Like its parent show, Botched By Nature tackles the idea of “normalizing” one’s physical appearance. What clearly won’t be shown here, though, are the Botched segments that feature excessive, non-essential requests for surgery (i.e, the human Ken doll), which the show does purely for entertainment and has more of a circus element.

Last night’s premiere had all the light-hearted moments familiar to Botched fans to counter the seriousness. The most notable change is that the spin-off takes Drs. DuBrow and Nasif outside of the office, essentially making them house call doctors, which gives the show a slightly more down-home feel. While it’s nice to see these two middle-aged people banter and tease each other, not all of it is necessary (we don’t need to see them eating frozen yogurt together).

After the pair lands in Vegas for their first case, Dr. Nasif explains in a direct-to-camera that, thanks to Botched, people have reached out to them to fix abnormalities that weren’t the result of tragic plastic surgery.
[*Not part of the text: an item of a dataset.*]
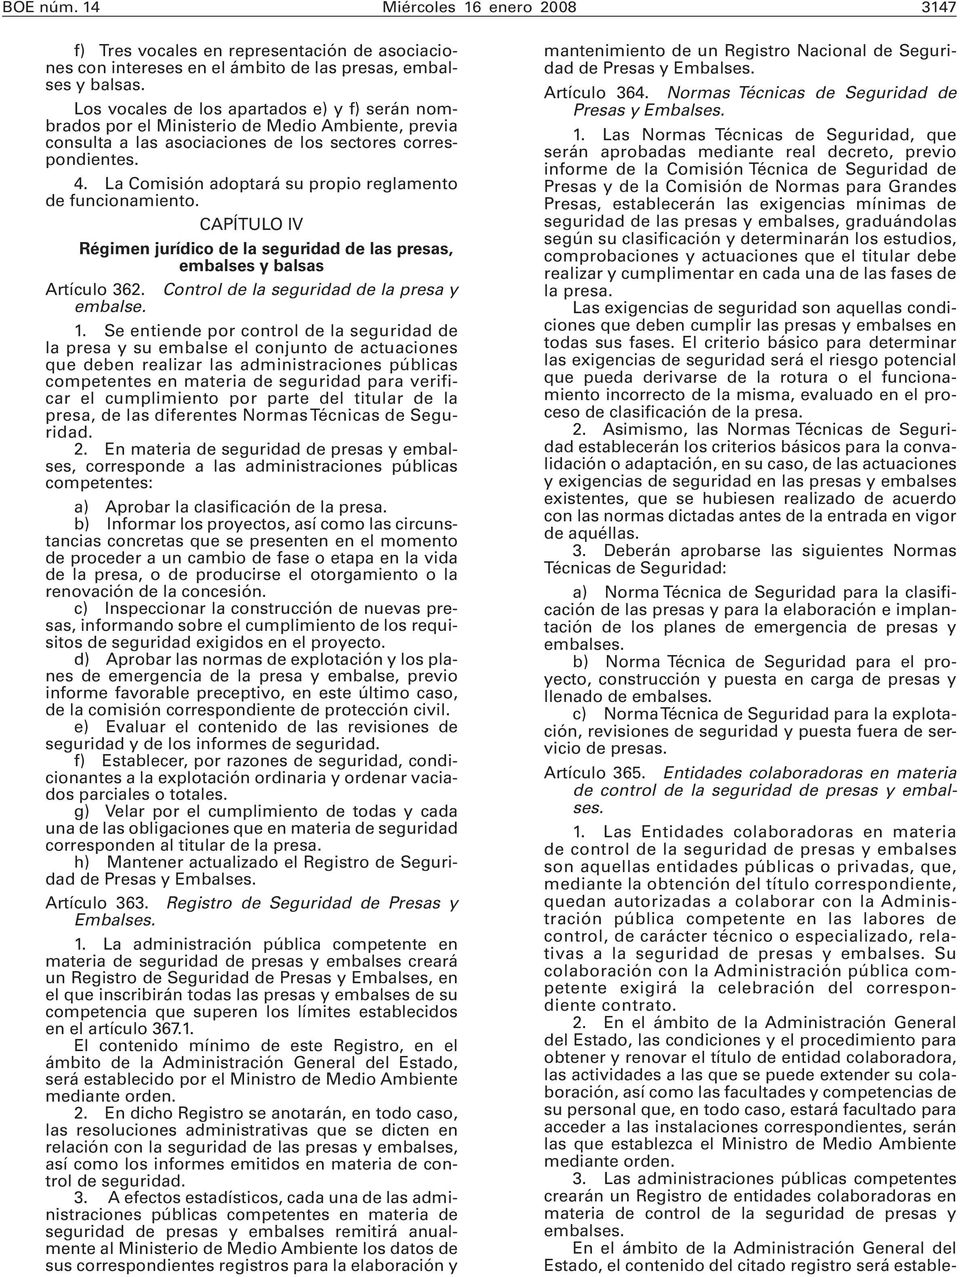 La Comisión adoptará su propio reglamento de funcionamiento. CAPÍTULO IV Régimen jurídico de la seguridad de las presas, embalses y balsas Artículo 362. Control de la seguridad de la presa y embalse.

The first case is Sabrina, a patient with the autoimmune disorder called ulcerative colitis that attacks the colon, causing headaches, dehydration and stomach pain.
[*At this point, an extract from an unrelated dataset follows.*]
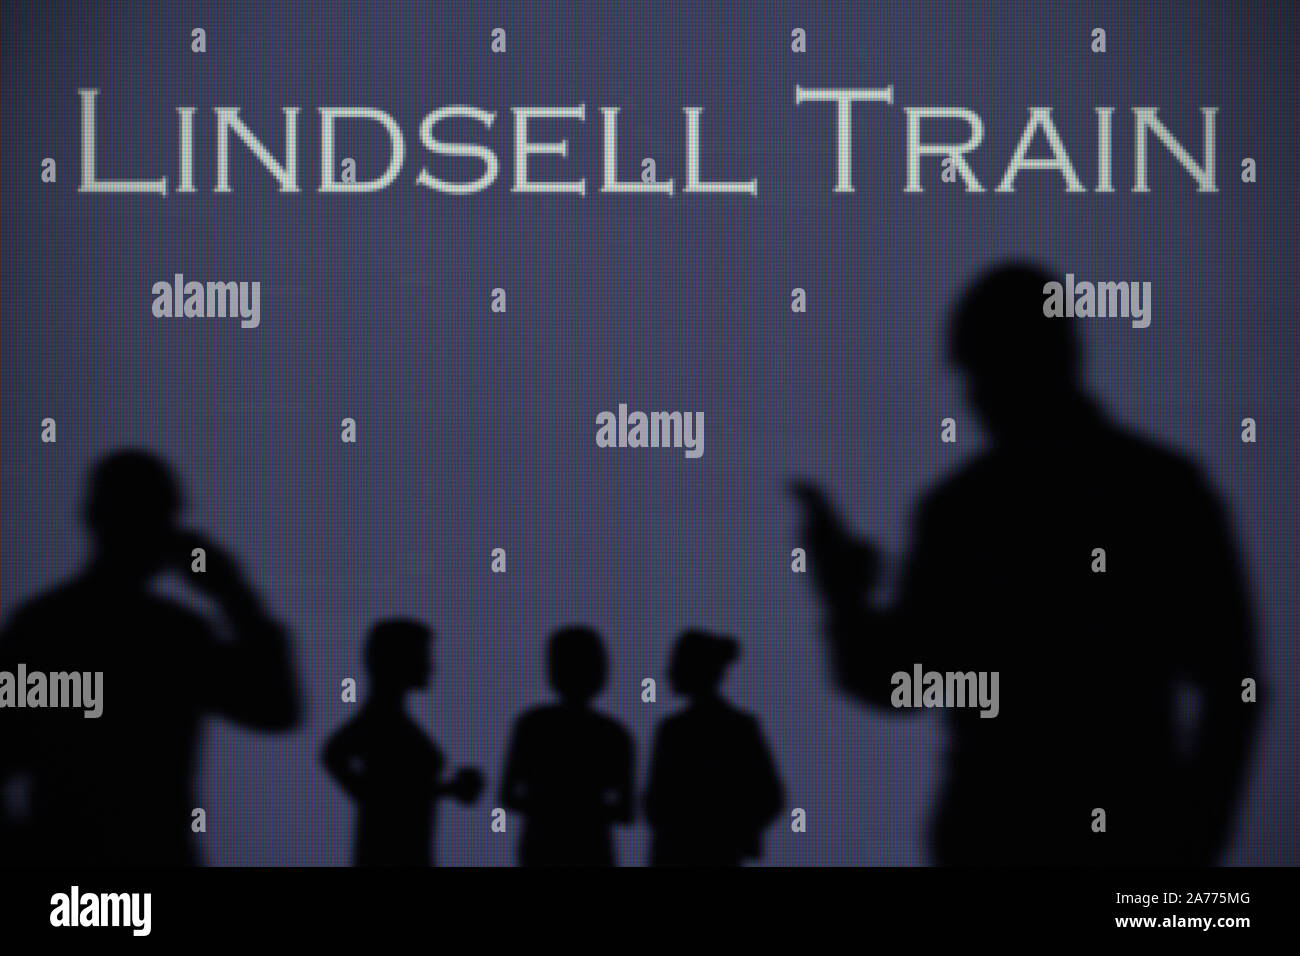 Il treno di Lindsell logo è visibile su uno schermo a LED in background mentre si profila una persona utilizza uno smartphone (solo uso editoriale) Foto Stock

After losing too much weight as a result of the disease (“I just didn’t feel like myself anymore,” she tells us), Sabrina got a breast augmentation that led to complications because of her condition, which is what brings the doctors to Vegas. Later, Dr. DuBrow gives Sabrina the option to remove the implants, which would leave her breasts deflated and perhaps aesthetically undesirable, or to remove the implants and scar tissue and get new implants. Sabrina leaves the decision up to Dr. DuBrow.

“We have to be able to think of something new and creative to prevent this from happening again,” DuBrow tells us. There’s a brief moment of unpredictability, but we all know the doctor likely won’t mess this up because that’s never happened on Botched in front of our eyes.

While driving to their second case, Nasif explains that their next patient’s abnormalities are a result of something called twin-to-twin transfusion. “The placenta cuts off the blood supply to one of the twins,” says Nasif. “He survived but he has all these problems.” Nate has had 21 surgeries to fix his facial abnormalities, all of which totaled $2 million. “I’m not asking for a perfect nose. I’m just asking to look like everyone else,” he says, and the doctors end up performing surgery on his eyes, nose and neck. The results make him happy, if not “perfect.”

Again, these consultations and procedures aren’t much different from what’s seen on Botched. But while the original Botched inherently has a similar cautionary effect as a series like Teen Mom, Botched By Nature is Botched in its most innocent form: a chance for the doctors to look good doing good deeds for people with unfortunate circumstances. To that end, the next episode features a woman with an unusual toe deformity.